Former nightclub in Birmingham, England

The Rum Runner was a nightclub on Broad Street, Birmingham. The club operated from 1964 until its demolition in 1987.

== History ==
Originally a casino, the Rum Runner became a more conventional club in the 1970s. One of its first house bands, playing popular cover versions, went on to become the worldwide acclaimed UK Arena band Magnum featuring Bob Catley and Tony Clarkin. They left the club in 1975 to play their own material of melodic rock. Occasionally other live acts played such as Quill and Jigsaw.

Regular late night clientele were Black Sabbath, Roy Wood, Quartz and other notable Birmingham bands calling in after local gigs. Actors and staff from the nearby Central TV Studios also frequented the club.

In the late 1970s, the club was renovated by Paul and Michael Berrow, sons of the club's founder, based on ideas drawn from a visit to Studio 54 in New York City.

In 1978, local band Duran Duran brought in a demo tape, and were offered a rehearsal space and jobs around the club: drummer Roger Taylor working as a glass collector, guitarist Andy Taylor cooking and maintaining the interior, bassist John Taylor working as a bouncer, and keyboardist Nick Rhodes DJing. The group became the resident band at the club. After playing their 1983 charity concert at Villa Park, they held the afterparty at the Rum Runner. In 2006 John Taylor and Nick Rhodes released a compilation album entitled Only After Dark, featuring their favourite songs from the Rum Runner playlist.

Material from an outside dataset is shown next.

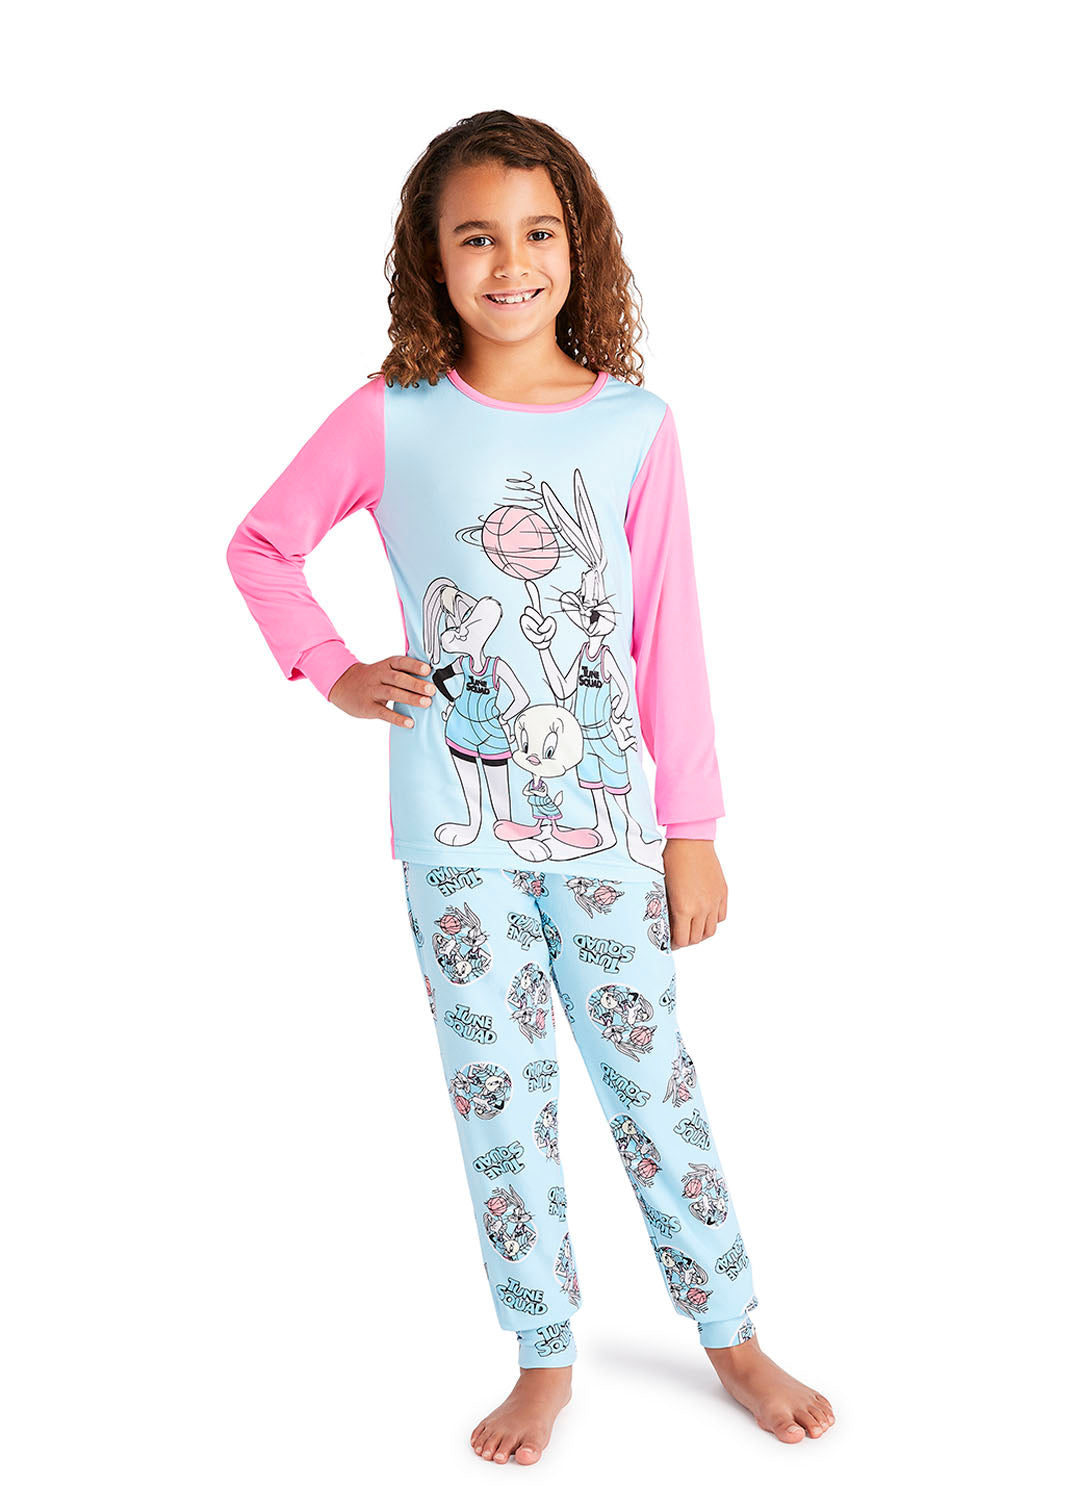 Girl wearing Space Jam 2 Pajama Set

In developing the club's musical identity, the club offered its rooms as free rehearsal space to bands including Dexys Midnight Runners and UB40, with The Beat filming a video for their song "Mirror in the Bathroom" in the club.

The club hosted Mulligan, Martin Degville, other members of Sigue Sigue Sputnik, and fashion designers Kahn & Bell.

In 1987, the building was demolished and the "Soloman Cutler" Wetherspoons pub was subsequently built on the site.